**Task prompt:**
Please give the lines below again exactly as they stand, from the one that contains "LIVE – Drones" up to and including the one that contains "THE SEX DOCTOR", leaving all pictures out.
** Extracted information follows **
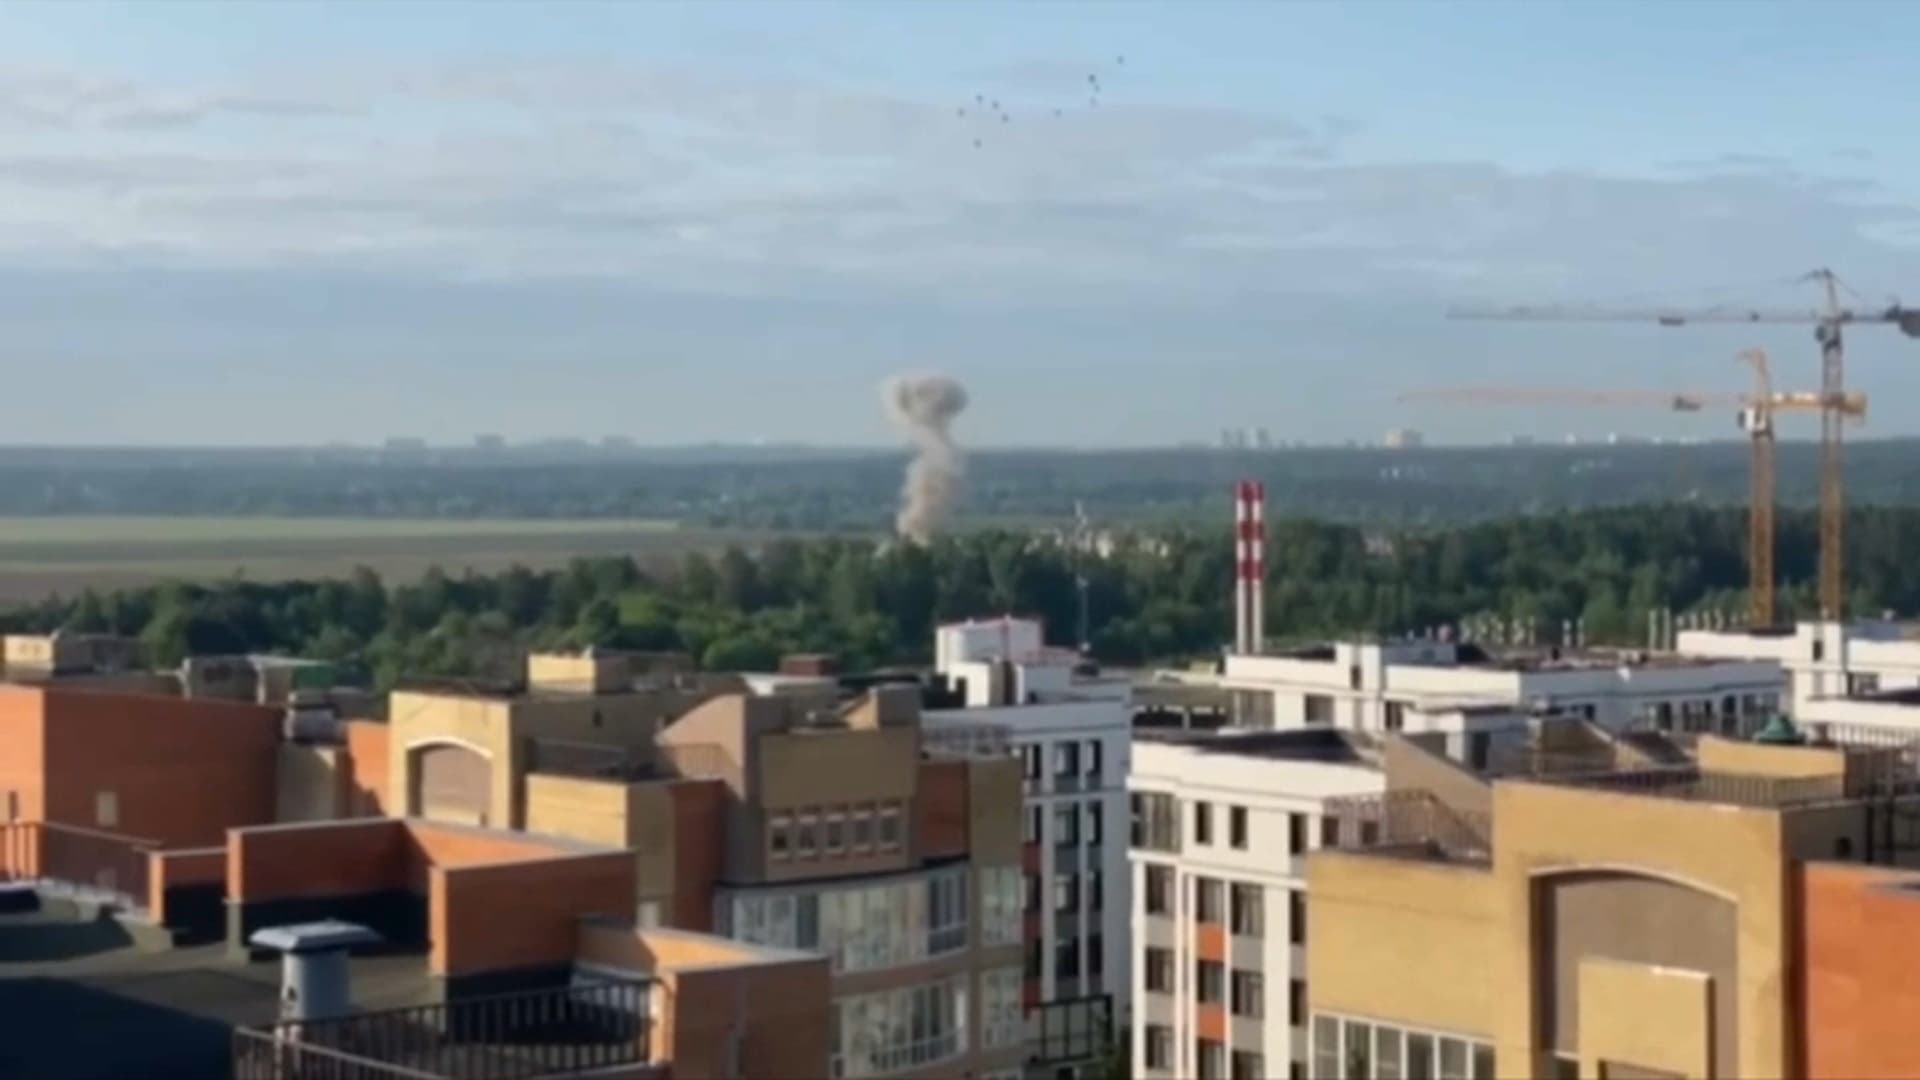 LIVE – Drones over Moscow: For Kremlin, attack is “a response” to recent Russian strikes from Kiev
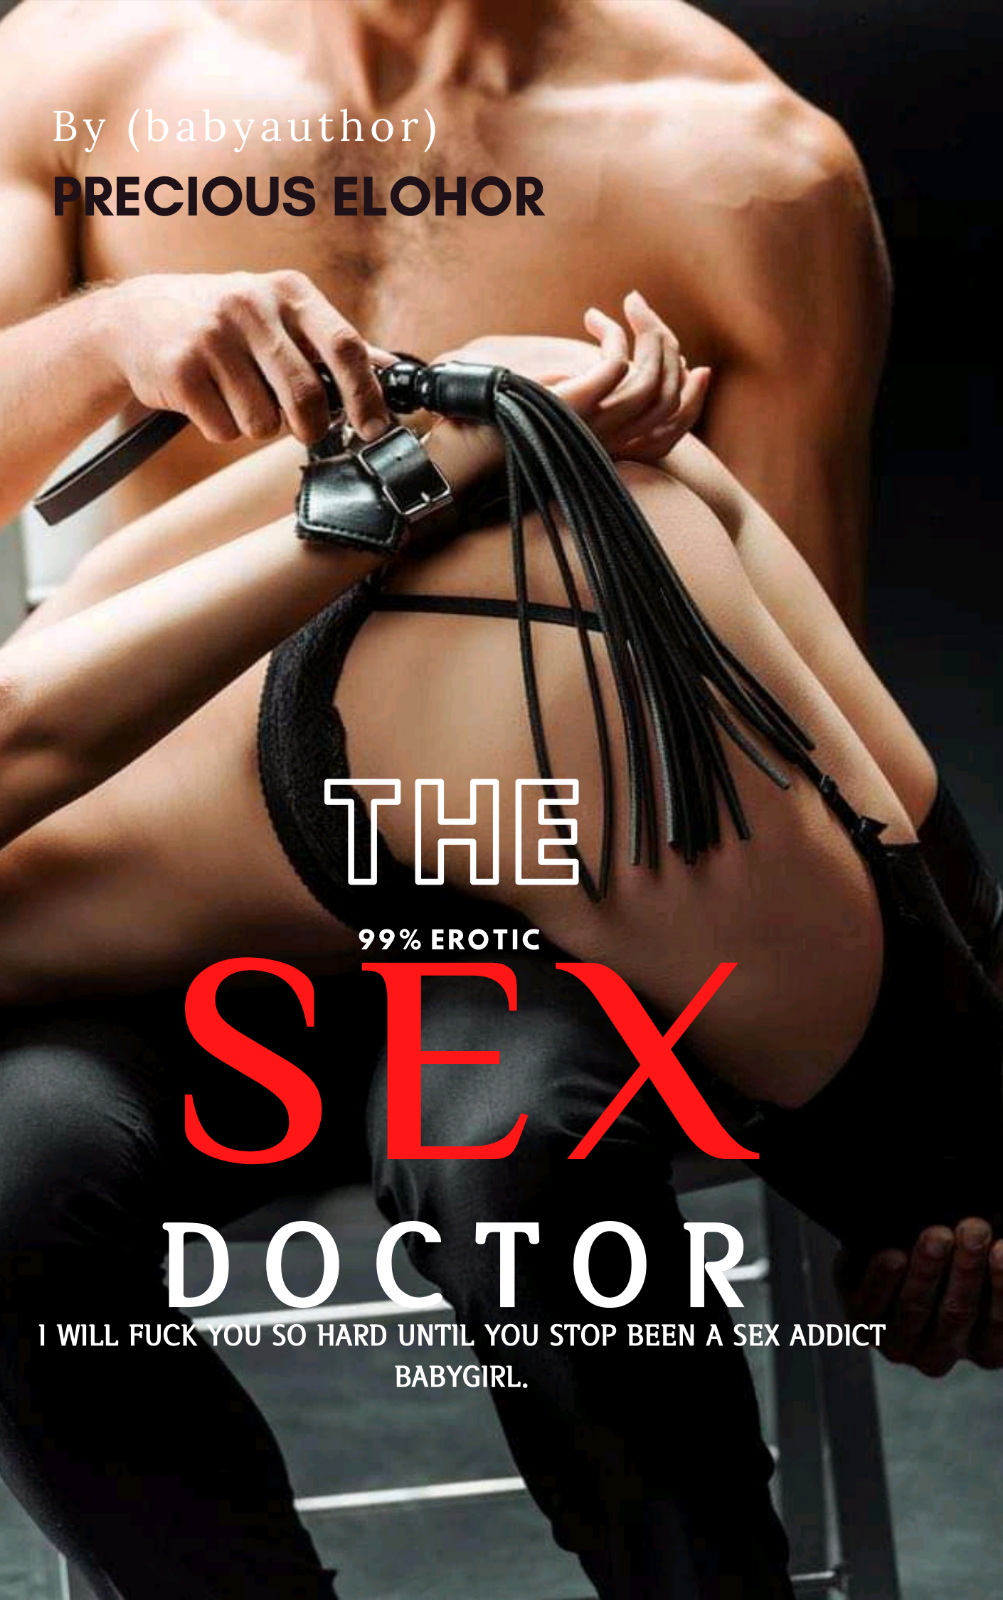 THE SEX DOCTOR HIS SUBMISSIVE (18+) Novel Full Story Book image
** End of Extracted information **
** Extracted information follows **
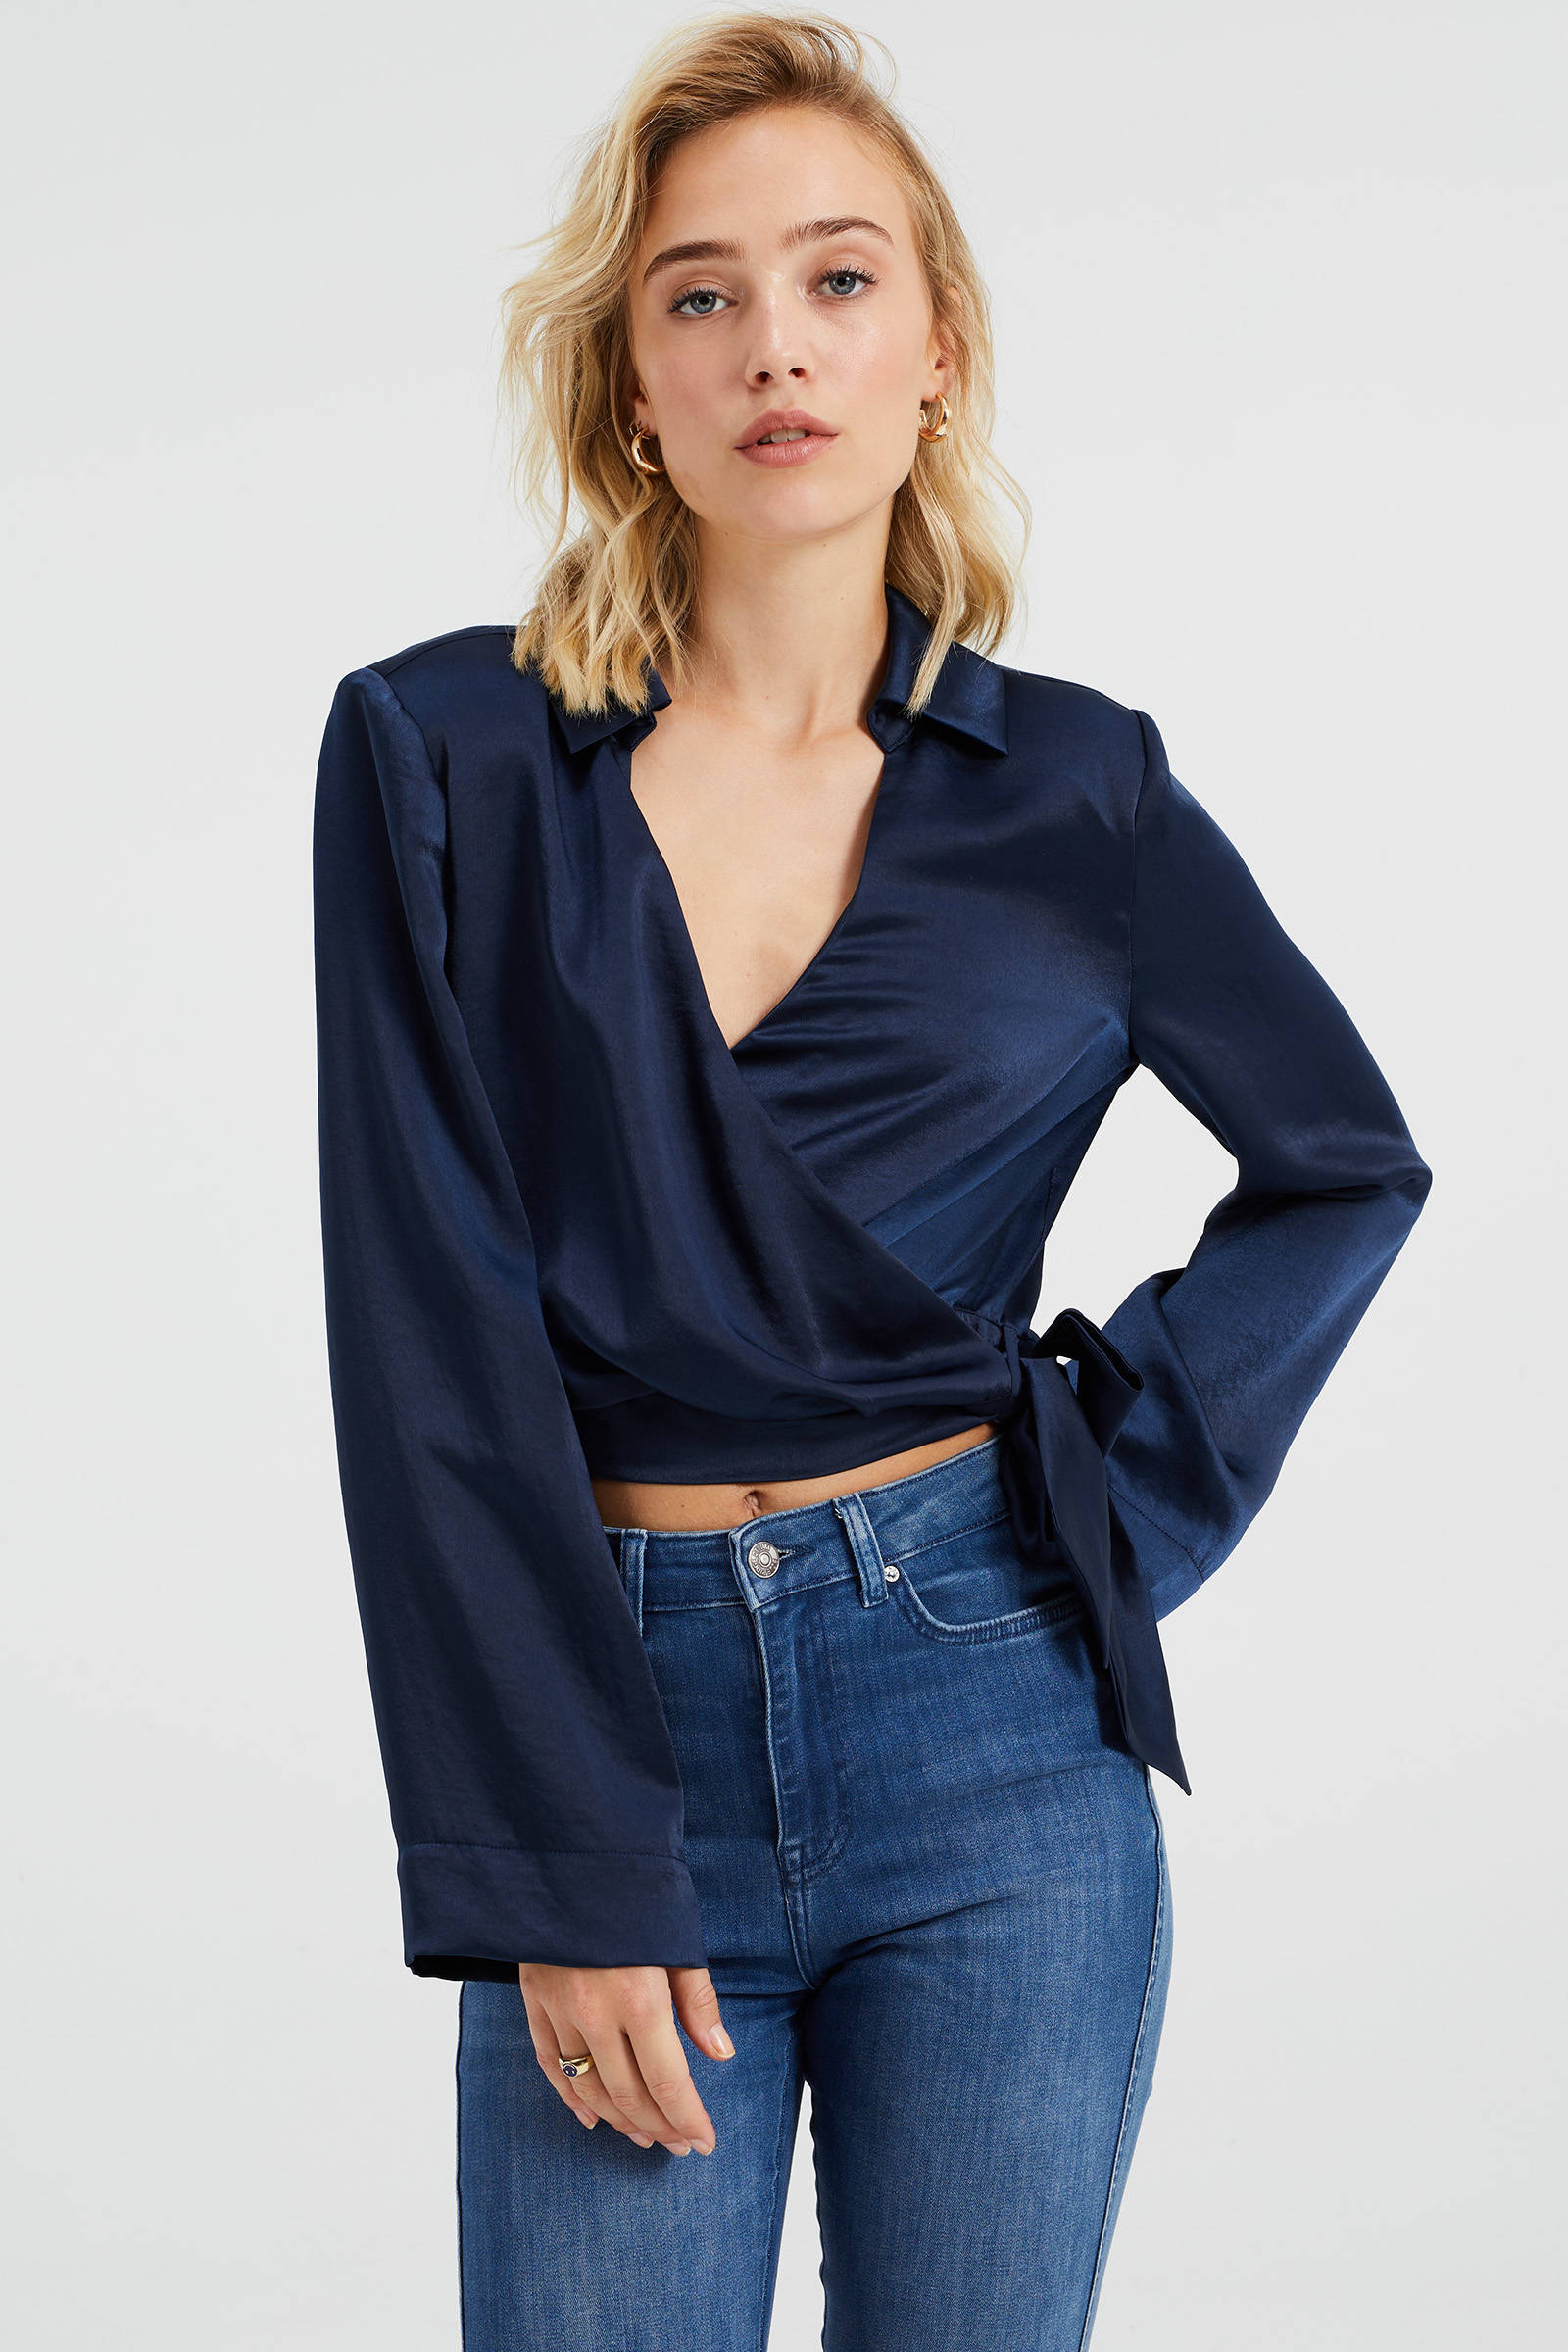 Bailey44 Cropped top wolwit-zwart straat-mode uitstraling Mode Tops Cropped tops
** End of Extracted information **
**Reply to the exercise:**
 LIVE – Drones over Moscow: For Kremlin, attack is “a response” to recent Russian strikes from Kiev
 THE SEX DOCTOR HIS SUBMISSIVE (18+) Novel Full Story Book image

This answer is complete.